For these builds, the most significant difference is:

GOOD:

         :	                if(block(row, 4, i4) <= 0) cycle
    0.00 :	  41c660:       mov    (%r9),%r12d
    1.99 :	  41c663:       mov    %r11d,0x80(%rsp)
    0.11 :	  41c66b:       mov    %r11d,%edx
    0.02 :	  41c66e:       test   %r12d,%r12d
    0.15 :	  41c671:       jg     41c7b0 <__brute_force_MOD_digits_2+0xe00>
    0.01 :	  41c677:       inc    %r11
    0.64 :	  41c67a:       add    $0x144,%r9
    0.13 :	  41c681:       add    $0x144,%r8
    0.05 :	  41c688:       add    $0x144,%r10
         :	           do i4 = l(4), u(4)
    0.15 :	  41c68f:       cmp    %r11d,0x6c(%rsp)
    2.39 :	  41c694:       jge    41c660 <__brute_force_MOD_digits_2+0xcb0>
    0.00 :	  41c696:       mov    0x168(%rsp),%r10
    0.55 :	  41c69e:       mov    0x170(%rsp),%r9
    0.08 :	  41c6a6:       mov    0x178(%rsp),%r11
    0.05 :	  41c6ae:       mov    0x180(%rsp),%r8
         :	           block(row, 4:9, i3) = block(row, 4:9, i3) + 10

BAD:

         :	                if(block(row, 4, i4) <= 0) cycle
    0.05 :	  41a8b0:       mov    (%r11),%edi
    0.78 :	  41a8b3:       mov    %r10d,0x84(%rsp)
    0.04 :	  41a8bb:       mov    %r10d,%r13d
    0.01 :	  41a8be:       test   %edi,%edi
    0.26 :	  41a8c0:       jg     41aa10 <__brute_force_MOD_digits_2+0x1210>
    0.44 :	  41a8c6:       addq   $0x144,0x48(%rsp)
    4.04 :	  41a8cf:       addq   $0x144,0x58(%rsp)
    1.31 :	  41a8d8:       inc    %r10
    0.02 :	  41a8db:       add    $0x144,%r11
         :	           do i4 = l(4), u(4)
    0.01 :	  41a8e2:       cmp    %r10d,0x88(%rsp)
    0.25 :	  41a8ea:       jge    41a8b0 <__brute_force_MOD_digits_2+0x10b0>
         :	           block(row, 4:9, i3) = block(row, 4:9, i3) + 10
    0.03 :	  41a8ec:       mov    0xd0(%rsp),%r15
    0.27 :	  41a8f4:       addl   $0xa,-0xdc(%r15)
    0.20 :	  41a8fc:       addl   $0xa,-0xb8(%r15)
    0.01 :	  41a904:       addl   $0xa,-0x94(%r15)
    0.07 :	  41a90c:       addl   $0xa,-0x70(%r15)
    0.05 :	  41a911:       addl   $0xa,-0x4c(%r15)
    0.06 :	  41a916:       addl   $0xa,-0x28(%r15)

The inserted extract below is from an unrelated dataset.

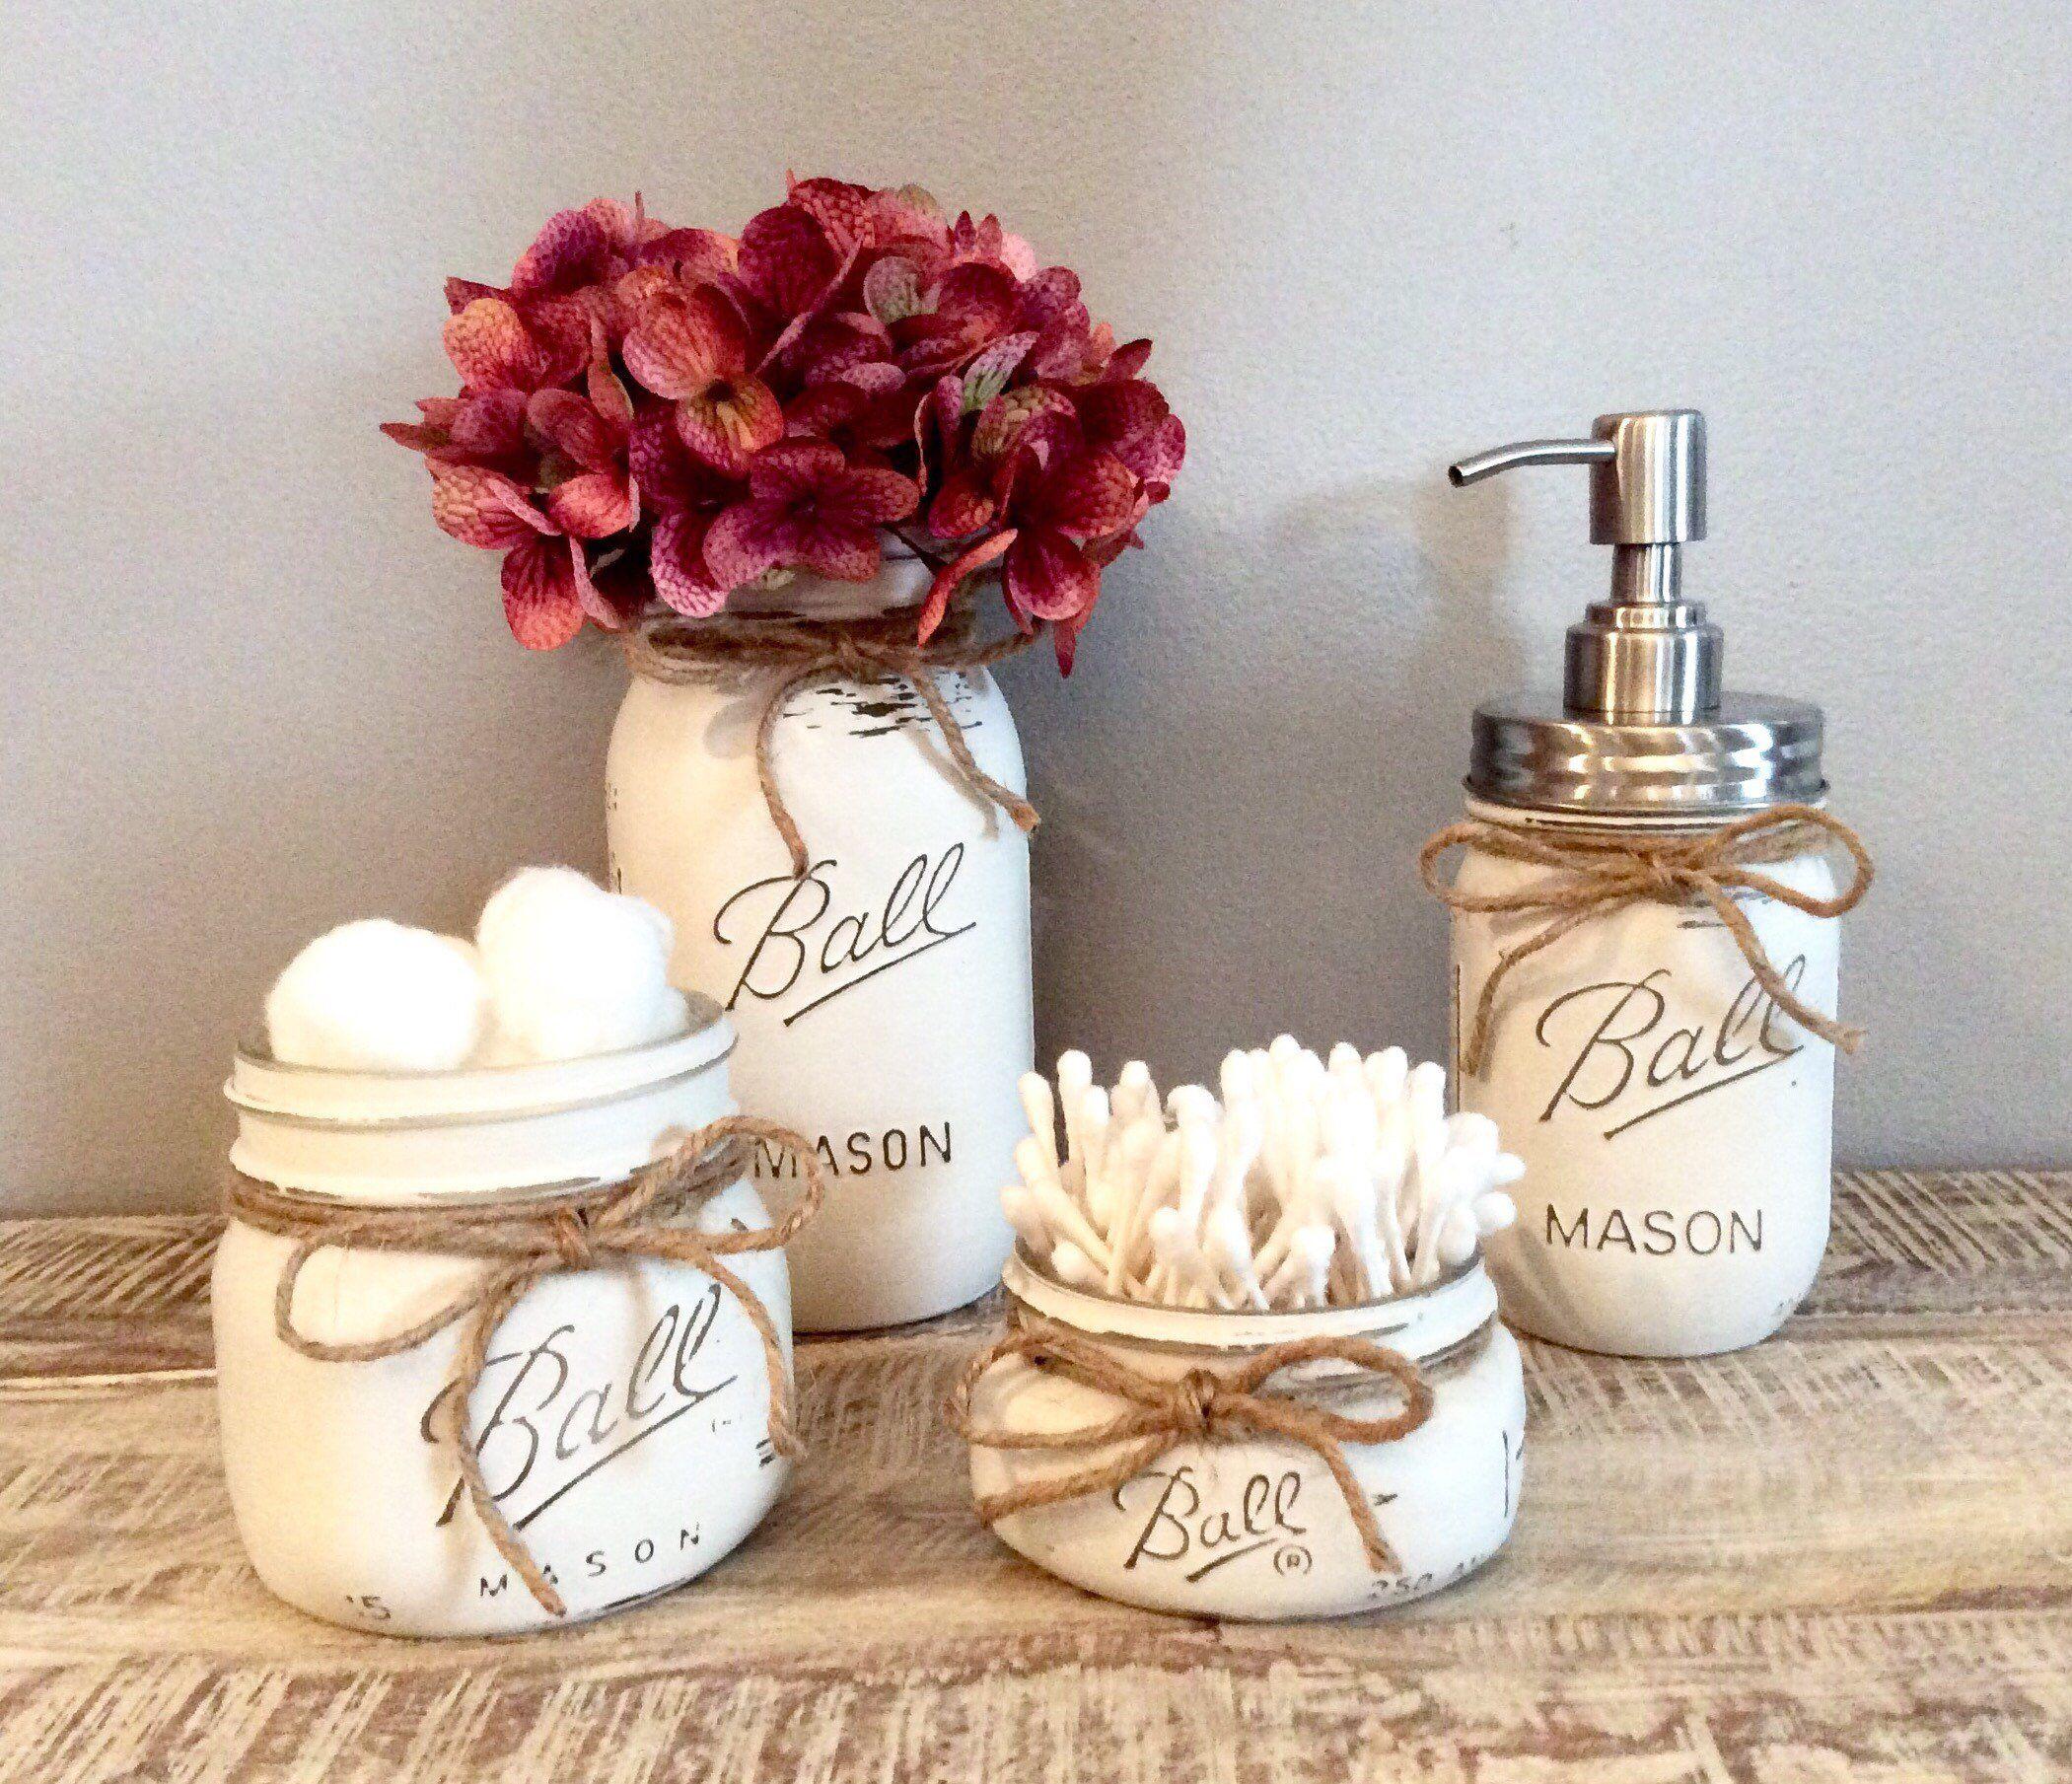 Mason Jar Bathroom Set, farmhouse bathroom, bathroom decor, mason jar decor, rustic decor, pink decor #masonjarbathroom
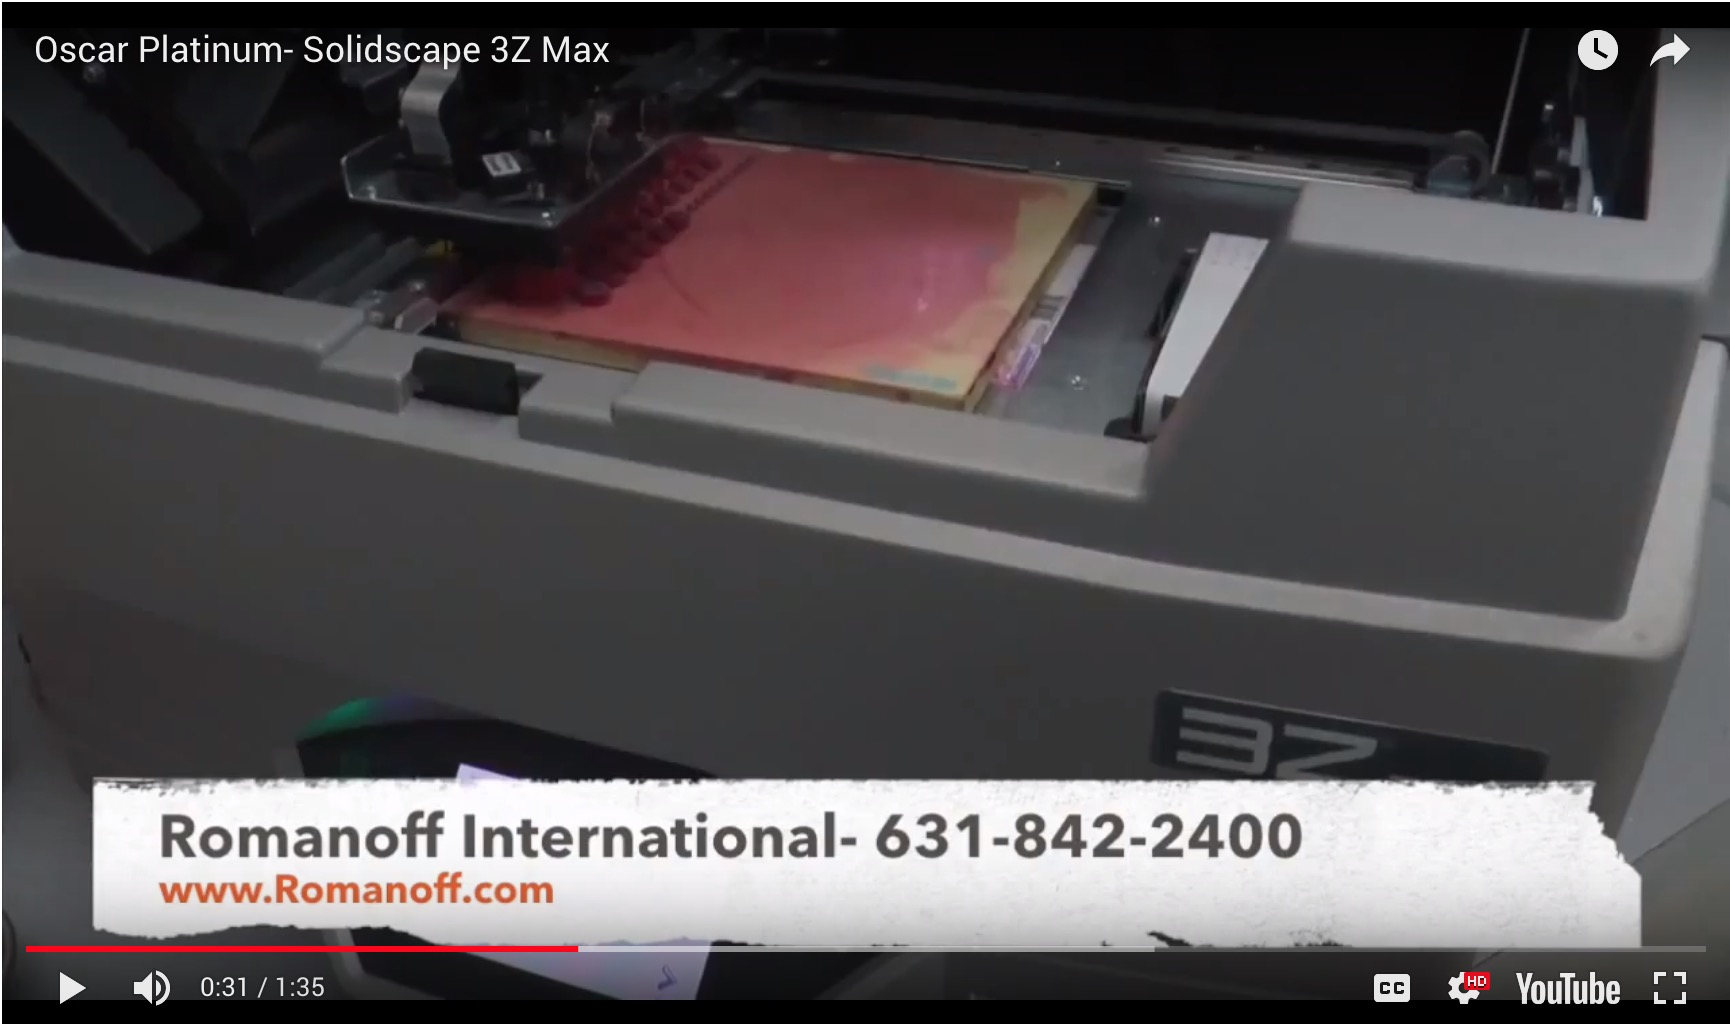 Oscar Platinum - Solidscape 3Z Max

The benchmark is quite unpredictable, I'm leaving that for now.
Comment 2 Martin Jambor 2020-03-27 20:43:22 UTC
(In reply to Martin Jambor from comment #0)
> As of revision 270053, the 548.exchange2_r benchmark from SPEC 2017
> INTrate suite suffered a number of smaller regressions on AMD Zen
> CPUs:
> 
>   - At -O2, it is 4.5% slower than when compiled with GCC 7

I am about to file a specific bug about exchange at -O2.

>   - At -Ofast, it is 4.7% slower than when compiled with GCC 8

This is no longer true.

>   - At -Ofast -march=native -mutine=native, this difference is 6.9%

Again, I will file a more specific bug about -Ofast -march=native in a
little while.

>   - At -Ofast and native tuning, it is 6% slower with PGO than
>     without it.

I can still see this in my measurements on Zen1-based CPU but not in
those done on AMD Zen2 or Intel Cascade Lake.  So I am not sure if we
care.  I'll e happy to file a specific bug if we do.
Comment 3 Martin Jambor 2020-03-27 23:33:55 UTC
So replaced with more specific bugs for newer hardware: PR94373 and PR94375.